Simultaneous zero set of two equations in $\mathbb R^3$

Question

Can we have positive reals $x,y,z$ with $$ x^{\left( y^z \right)} = y^{\left( z^x \right)} = z^{\left( x^y \right)} $$ in cyclic permutation, other than the line $x=y=z$?

I put this at https://math.stackexchange.com/questions/493739/this-is-stupid-but-i-have-a-bad-cold-with-cough and one poor guy has been hacking away at it.
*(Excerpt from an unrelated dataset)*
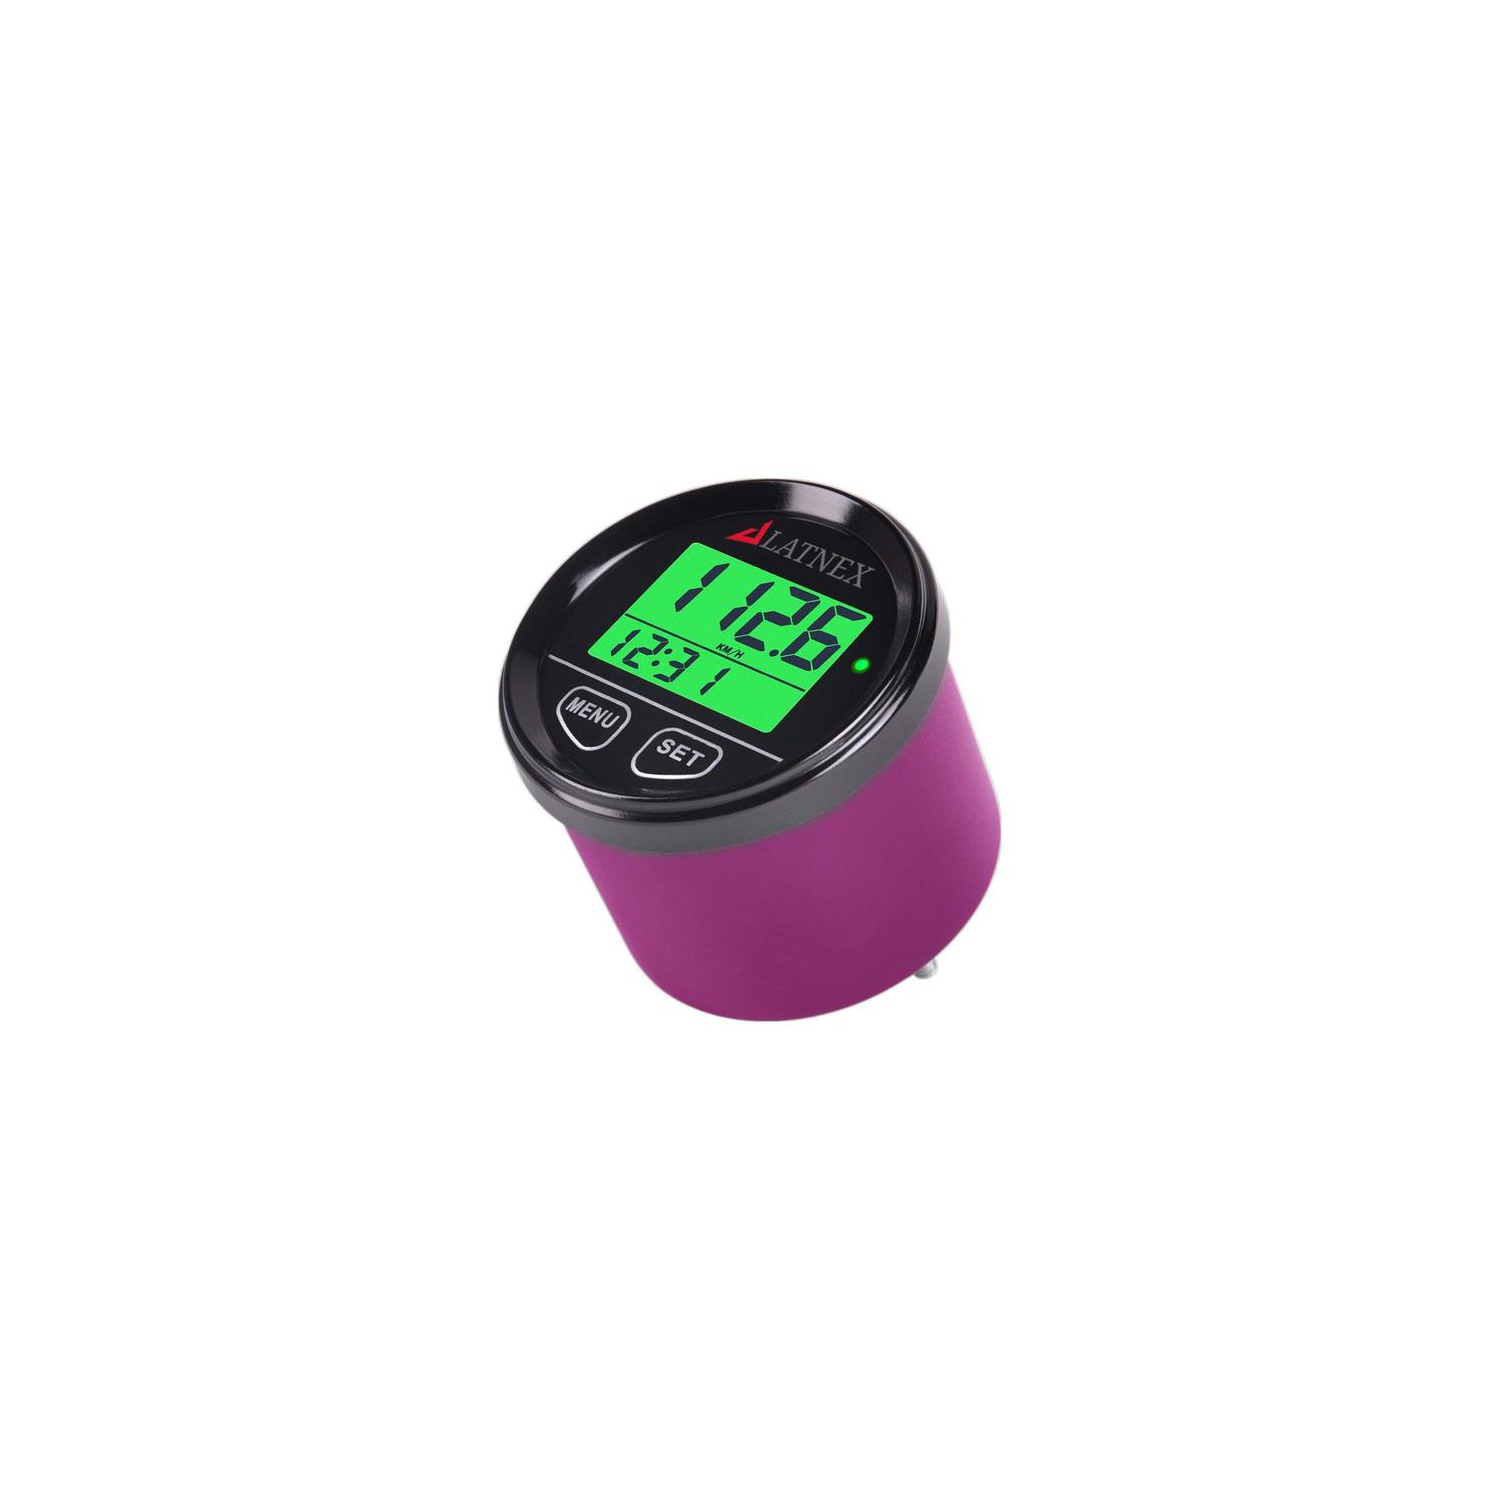 Waterproof Digital GPS Speedometer Backlight for ATV UTV-MARINE-Boats-Motorcycle- Automobile Motor Vehicle Bikes (Purple)

I still have no idea.

I would love to see some representation of the supposed surface $$ x^{\left( y^z \right)} = y^{\left( z^x \right)}, $$ which I feel really ought to be some ugly variant of the helicoid around the line $x=y=z$.

EDIT, Thursday: Is it true that the gradient of $$ \color{magenta}{ h(x,y,z) = x^{\left( y^z \right)} - y^{\left( z^x \right)}}, $$ is defined and a nonzero vector along the line, say, at the point $x=y=z=t$ for positive real $t?$ If so, the surface is orthogonal to that at the line...Further, if you switch to one of the other pairs as a difference, I expect the gradient vector to be rotated by $120^\circ;$ this gives a pretty good reason for there being no other points on all three such surfaces near the known line.

Answer 1

The following Maple-produced animation suggests that there isn't any other solution. The three curves (for each value of $x$) are $x^{y^z}=y^{z^x}$ (red), $y^{z^x}=z^{x^y}$ (blue) and $z^{x^y}=x^{y^z}$ (cyan). The one point in each frame where all three intersect is, of course, $x=y=z$. There don't appear to be any other triple intersections.

Answer 2

Maple found closed form for $z$ and parametrization over $\mathbb{C}$ for $x^{(y^z)}=y^{(z^x)}$:

$$ z= {{\rm e}^{ \left( -x{\it LambertW} \left( -\ln \left( y \right) { {\rm e}^{\ln \left( {\frac {\ln \left( x \right) }{\ln \left( y \right) }} \right) {x}^{-1}}}{x}^{-1} \right) +\ln \left( {\frac { \ln \left( x \right) }{\ln \left( y \right) }} \right) \right) {x}^ {-1}}} \qquad (1) $$

EDIT

Substituting $z$ in the other equation and solving, we are looking for positive real solutions of

x^exp(ln(y)*exp((-x*LambertW(-ln(y)/x*exp(ln(ln(x)/ln(y))/x))+ln(ln(x)/ln(y)))/x))-exp((-x*LambertW(-ln(y)/x*exp(ln(ln(x)/ln(y))/x))+ln(ln(x)/ln(y)))/x)^(x^y)

Complex solutions exist, e.g.

x1= (4.039760831390928810096443230122786460497 - 3.794516696260006267408154939005426227609j)
y1= (2.764005926356850384451036006794311106205 + 0.0j)
z1= (1.273990994985239416952018723391988170796 + 0.2830754921068781180566923204291057573632j)

Things get complicated by the fact that with the principal branches of $W$ and $\log$ $(1)$ need not be real and might have imaginary part.

Here is a plot of $(1)$ taking the principal branches and the real part. The plot is wrong because it has some artifacts caused by imaginary part.

Will try to make correct plot if I have the time.